9 Voraussetzung für die Zuerkennung des Status eines Asylberechtigten ist nach § 3 Abs. 1 AsylG 2005, dass dem Asylwerber im Herkunftsstaat Verfolgung im Sinn des Art. 1 Abschnitt A Z 2 der Genfer Flüchtlingskonvention (GFK), also aus Gründen der Rasse, Religion, Nationalität, Zugehörigkeit zu einer bestimmten sozialen Gruppe oder der politischen Gesinnung, droht (vgl. VwGH 18.1.2024, Ra 2023/19/0270, mwN).
10 Nach der Rechtsprechung des Verwaltungsgerichtshofes stellt die Furcht vor der Ableistung des Militärdienstes bzw. der bei seiner Verweigerung drohenden Bestrafung im Allgemeinen keine asylrechtlich relevante Verfolgung dar, sondern könnte nur bei Vorliegen eines Konventionsgrundes Asyl rechtfertigen (vgl. VwGH 31.10.2023, Ro 2023/19/0002, mwN). Wie der Verwaltungsgerichtshof zur möglichen Asylrelevanz von Wehrdienstverweigerung näher ausgeführt hat, kann auch der Gefahr einer allen Wehrdienstverweigerern bzw. Deserteuren im Herkunftsstaat gleichermaßen drohenden Bestrafung asylrechtliche Bedeutung zukommen, wenn das Verhalten des Betroffenen auf politischen oder religiösen Überzeugungen beruht oder dem Betroffenen wegen dieses Verhaltens vom Staat eine oppositionelle Gesinnung unterstellt wird und den Sanktionen wie etwa der Anwendung von Folter jede Verhältnismäßigkeit fehlt.

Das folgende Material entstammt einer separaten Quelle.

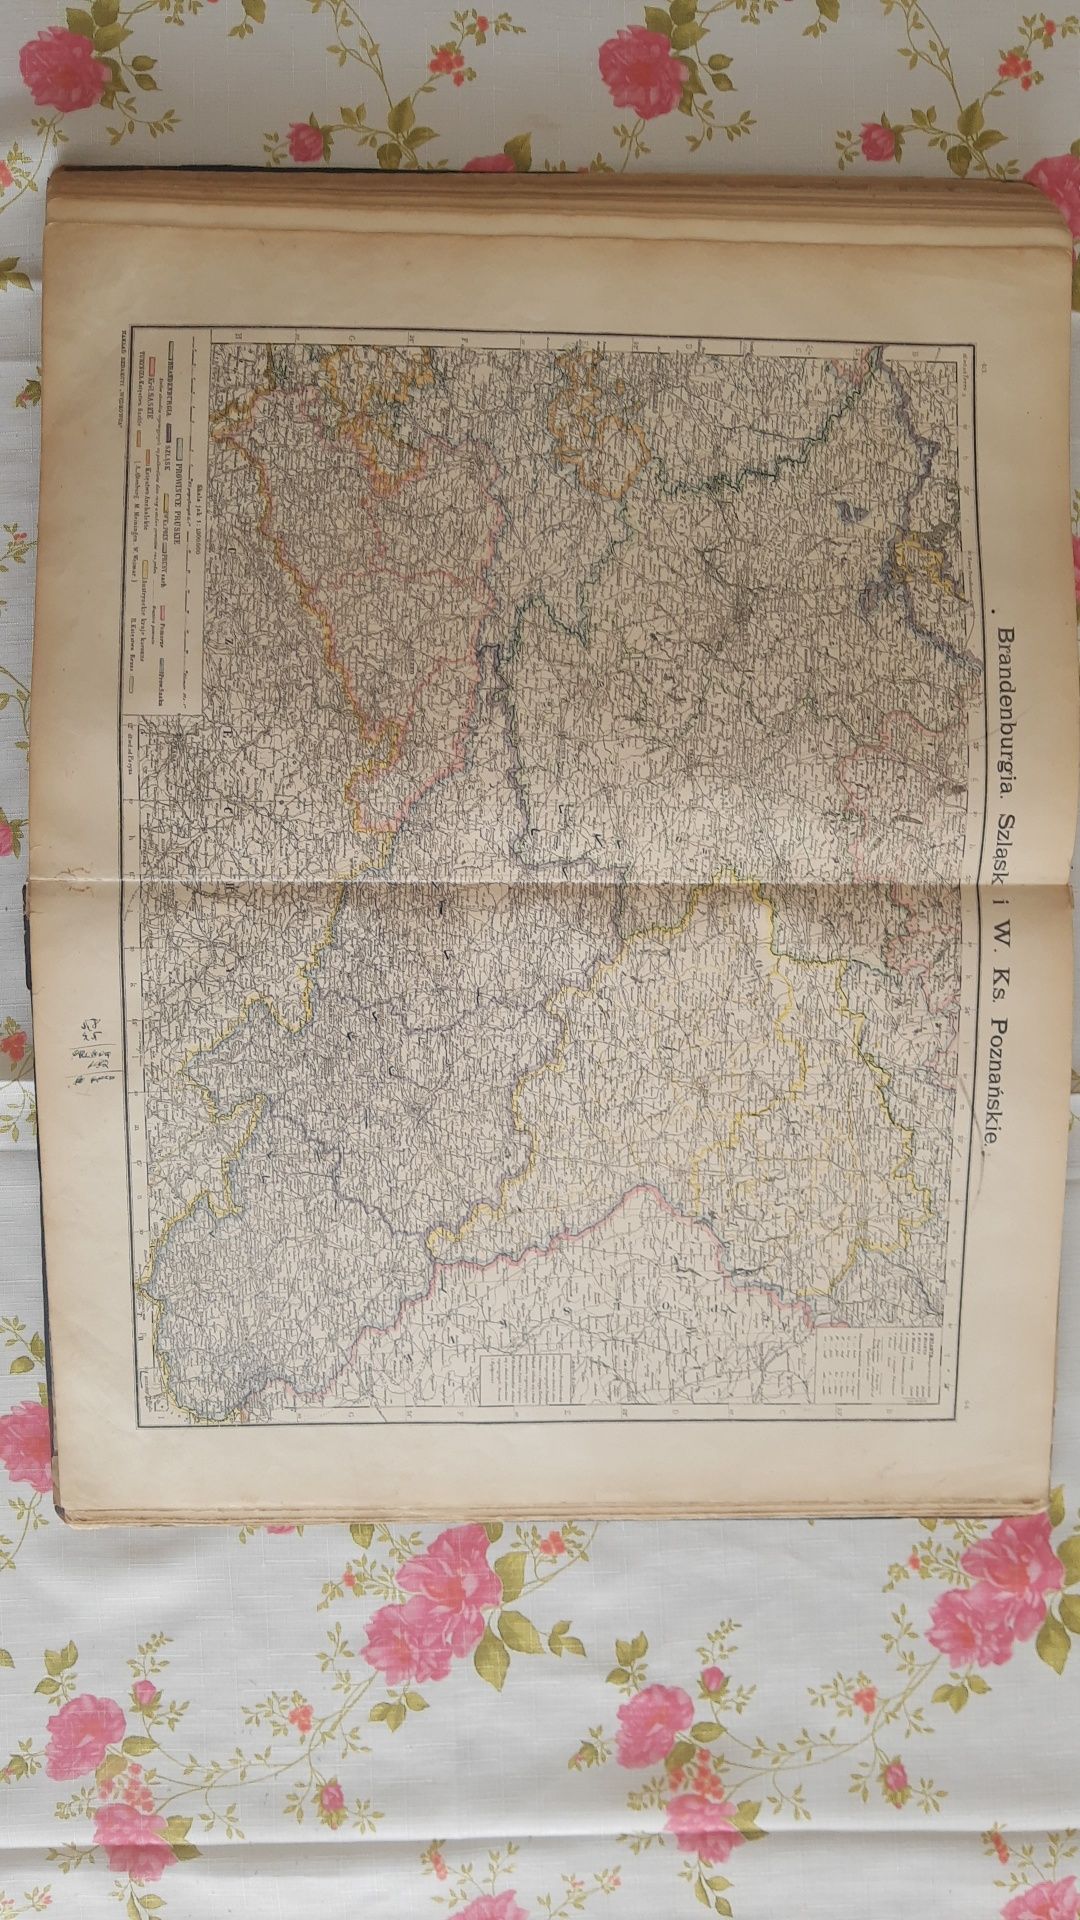 Wielki Atlas Geograficzny W.Nałkowskiego i A. Świętochowskiego

Unter dem Gesichtspunkt des Zwanges zu völkerrechtswidrigen Militäraktionen kann auch eine „bloße“ Gefängnisstrafe asylrelevante Verfolgung sein (vgl. erneut VwGH Ro 2023/19/0002, mwN).
11 Fehlt ein kausaler Zusammenhang mit einem oder mehreren Konventionsgründen, kommt die Asylgewährung nicht in Betracht (vgl. nochmals VwGH Ro 2023/19/0002, mwN).

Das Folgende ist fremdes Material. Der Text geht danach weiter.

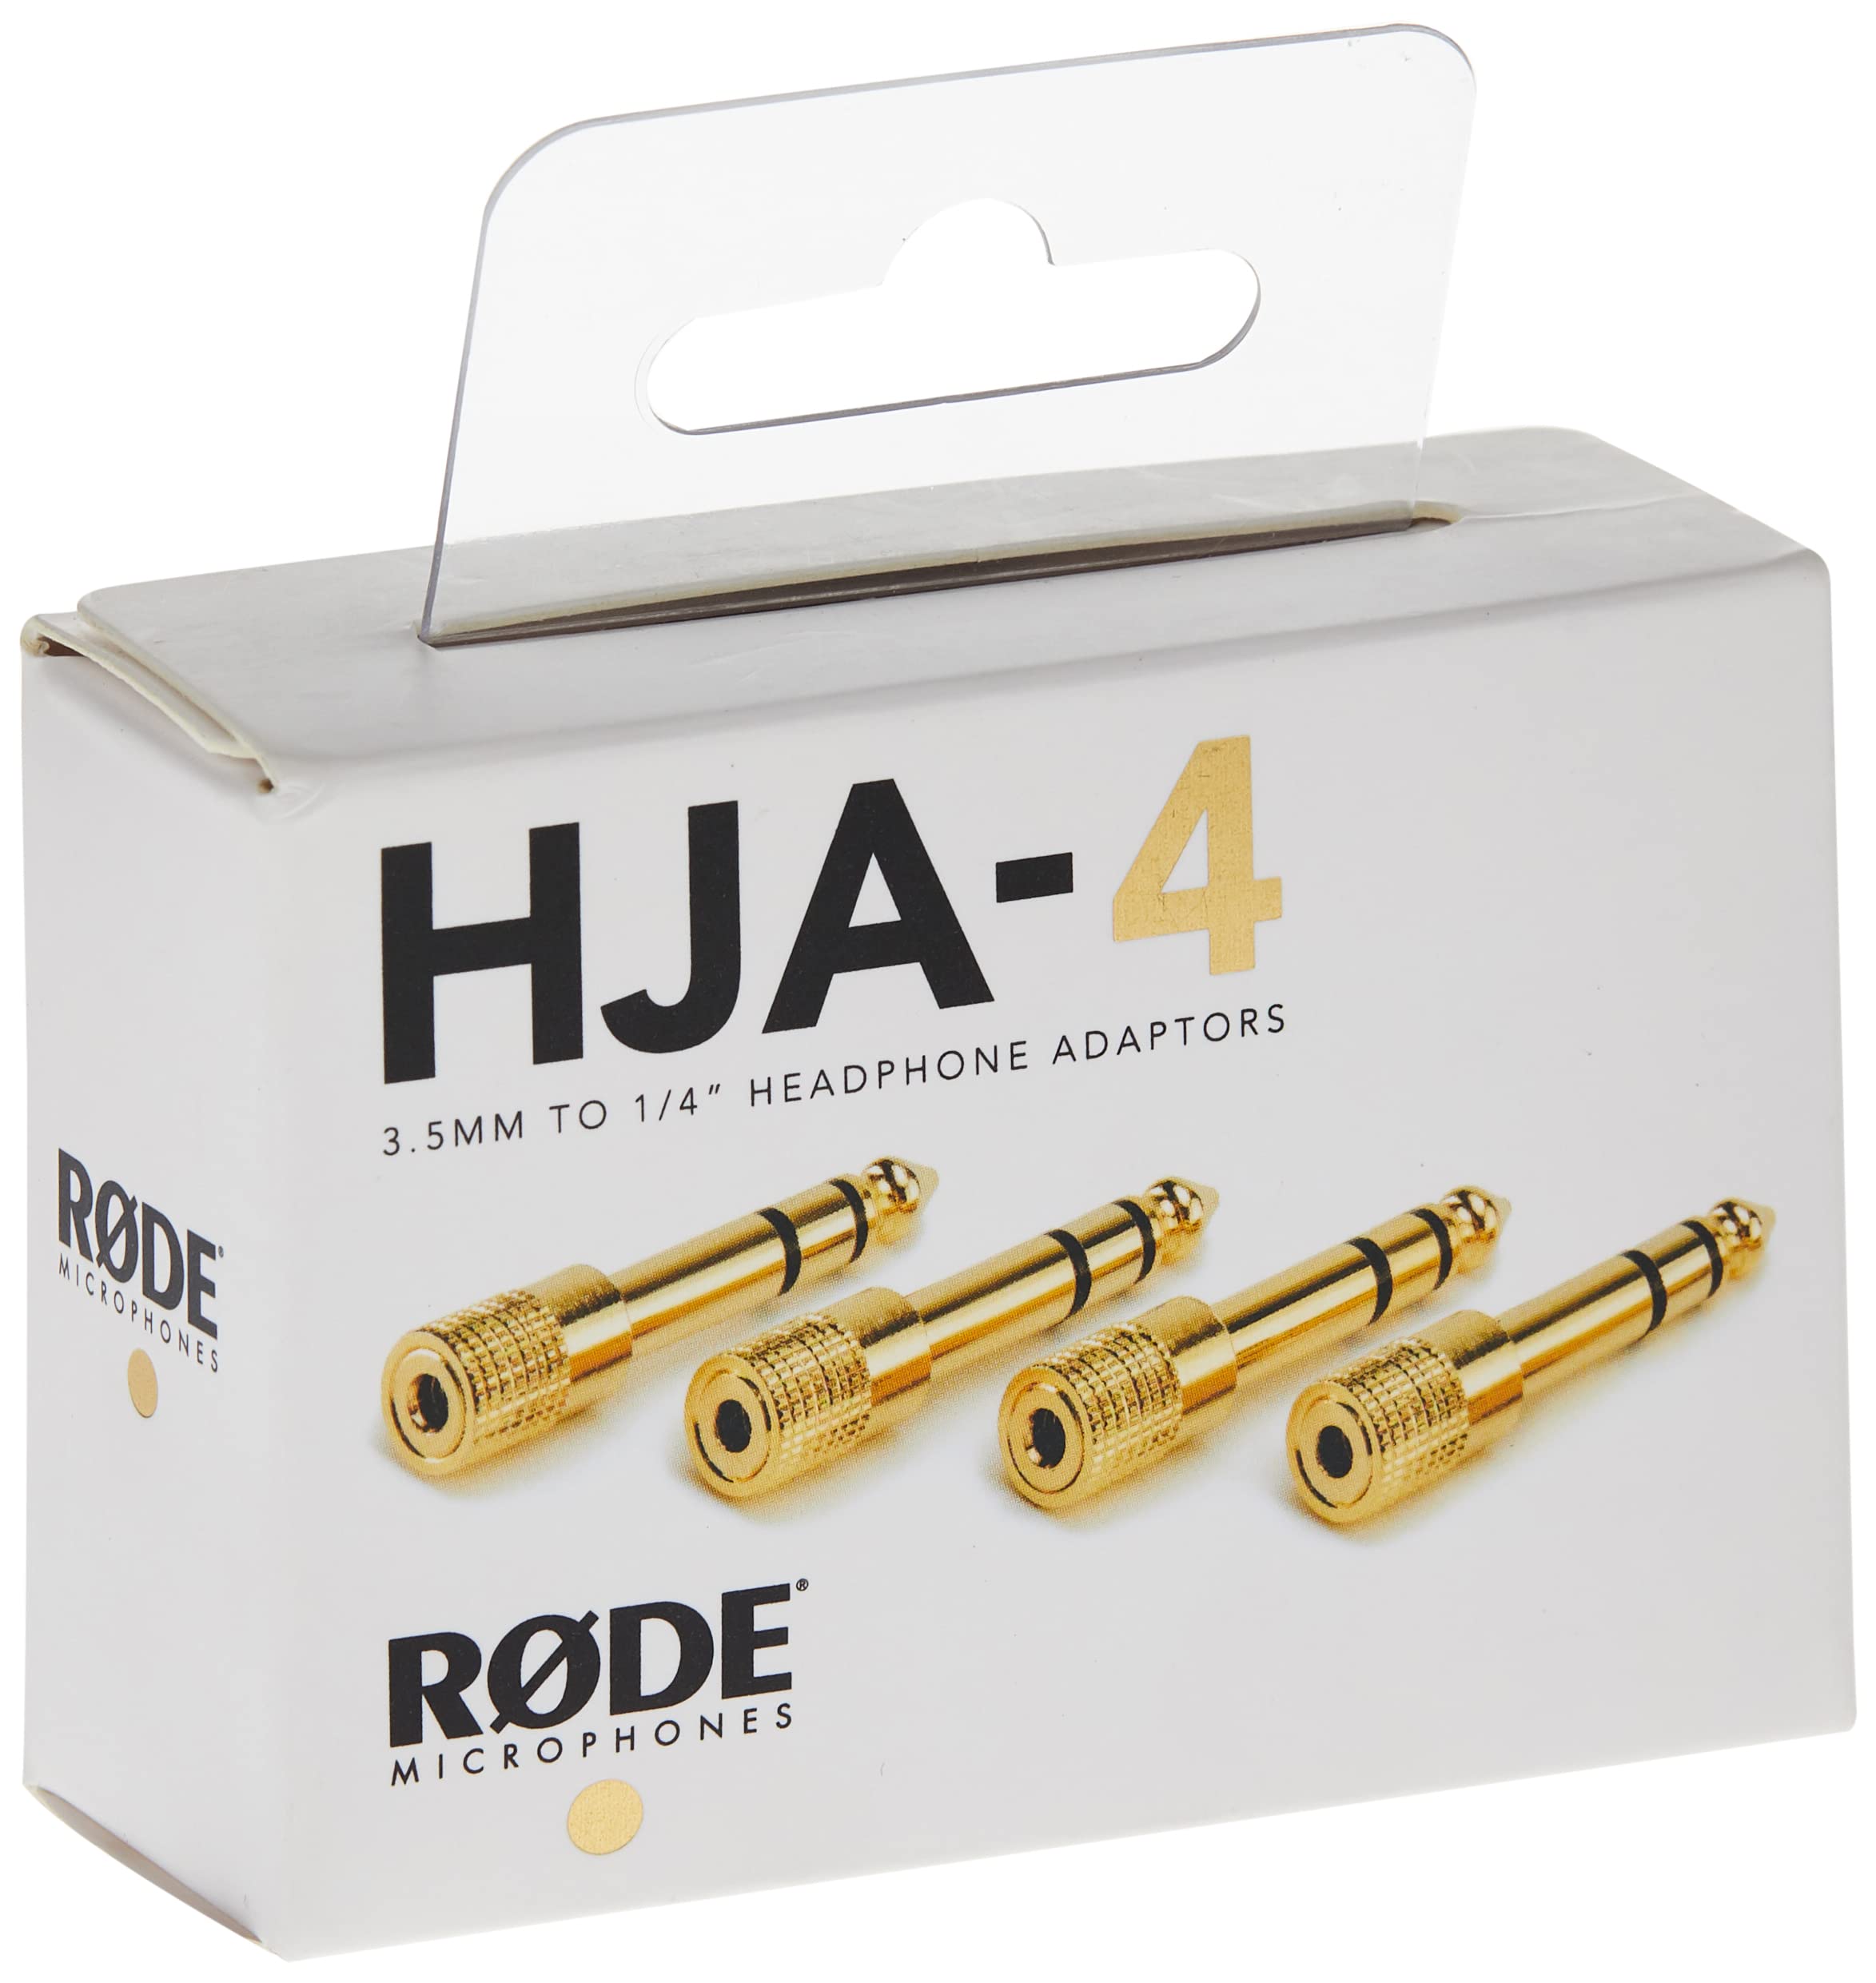 RØDE Headphone Adaptors (HJA-4)

12 Im vorliegenden Fall zeigt die Revision mit ihrem bloß allgemein gehaltenen Vorbringen nicht auf und ist auch nicht ersichtlich, dass der Revisionswerber in Bezug auf eine ihm drohende Einziehung zum Wehrdienst im Verfahren vor dem BFA oder im Beschwerdeverfahren ein entsprechend begründetes Vorbringen erstattet hätte, das einen kausalen Zusammenhang zu einem Konventionsgrund im oben beschriebenen Sinn erkennen lässt.
Vor dem Hintergrund des Fehlens eines kausalen Zusammenhangs ist aber dem auf der Prämisse des Vorliegens eines Verfolgungsgrundes des Art. 1 Abschnitt A Z 2 GFK aufbauenden Revisionsvorbringen zur Erreichbarkeit der Herkunftsregion des Revisionswerbers der Boden entzogen (vgl. etwa VwGH 29.12.2023, Ra 2023/19/0258).

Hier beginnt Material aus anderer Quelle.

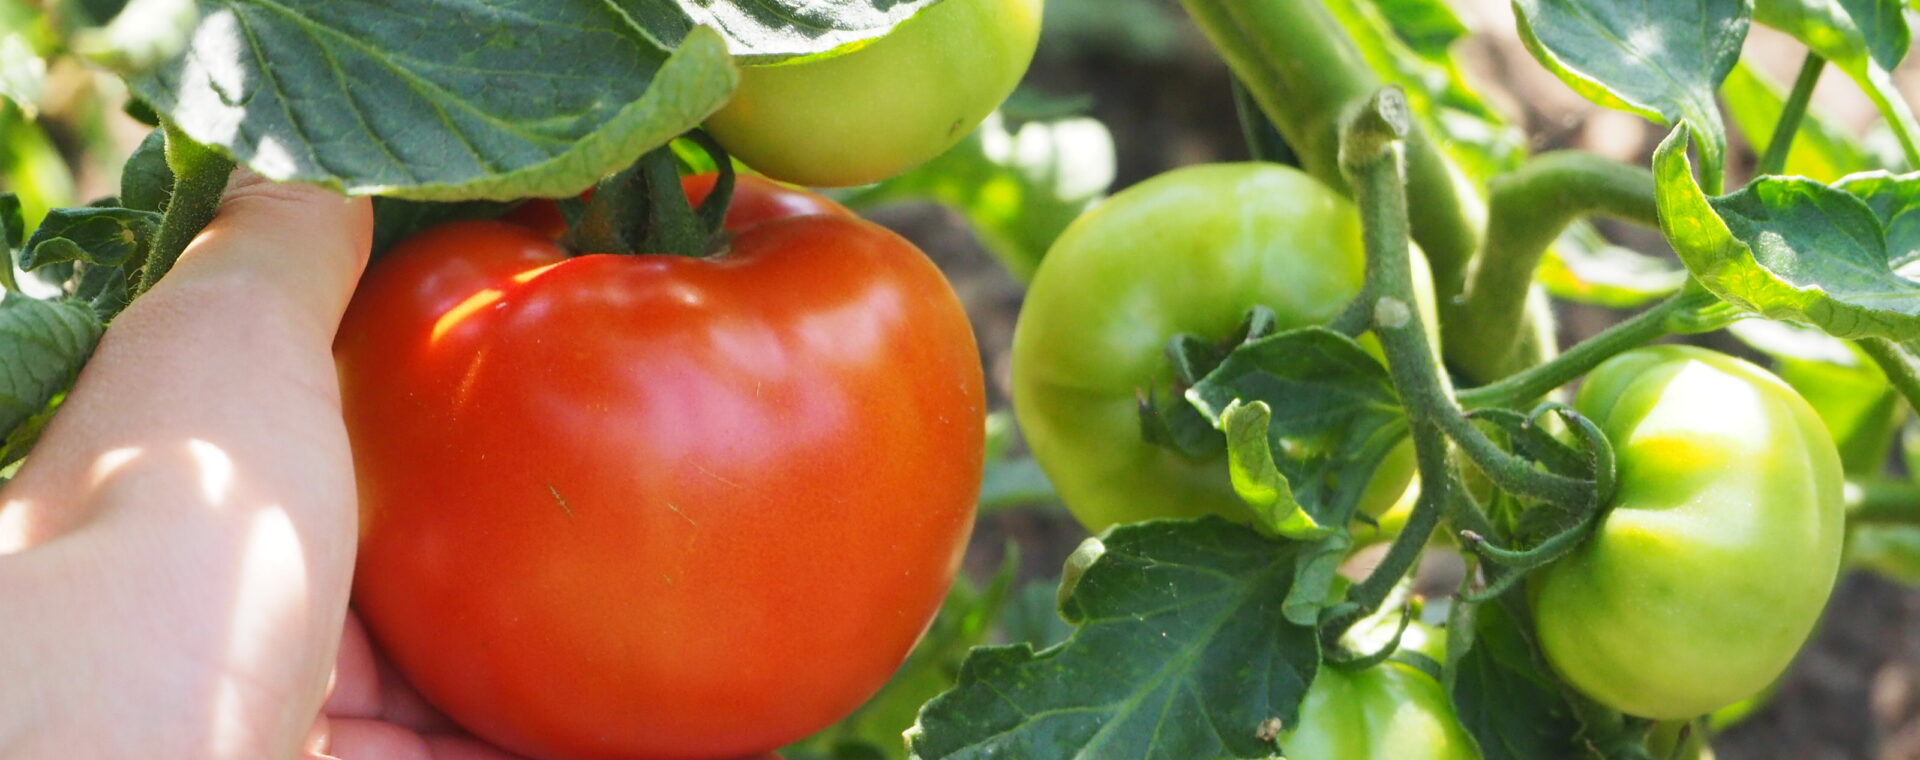 Pěstování rajčat bez chemie

13 Soweit sich die Revision gegen die Beweiswürdigung des BVwG zur Frage der Asylrelevanz der Demonstrationsteilnahme sowie der Asylantragstellung des Revisionswerbers im Ausland wendet, ist auf die ständige Rechtsprechung des Verwaltungsgerichtshofes zu verweisen, wonach dieser als Rechtsinstanz zur Überprüfung der Beweiswürdigung im Allgemeinen nicht berufen ist. Im Zusammenhang mit der Beweiswürdigung liegt eine Rechtsfrage von grundsätzlicher Bedeutung nur dann vor, wenn das Verwaltungsgericht die Beweiswürdigung in einer die Rechtssicherheit beeinträchtigenden, unvertretbaren Weise vorgenommen hat (vgl. VwGH 22.2.2024, Ra 2023/19/0227, mwN).
Dass die Beweiswürdigung des BVwG mit einem vom Verwaltungsgerichtshof aufzugreifenden Mangel behaftet wäre, zeigt die Revision mit ihrem pauschalen Verweis auf Länderberichte nicht auf.
14 In der Revision werden somit keine Rechtsfragen aufgeworfen, denen im Sinne des Art. 133 Abs. 4 B VG grundsätzliche Bedeutung zukäme. Die Revision war daher gemäß § 34 Abs. 1 VwGG ohne weiteres Verfahren mit Beschluss zurückzuweisen.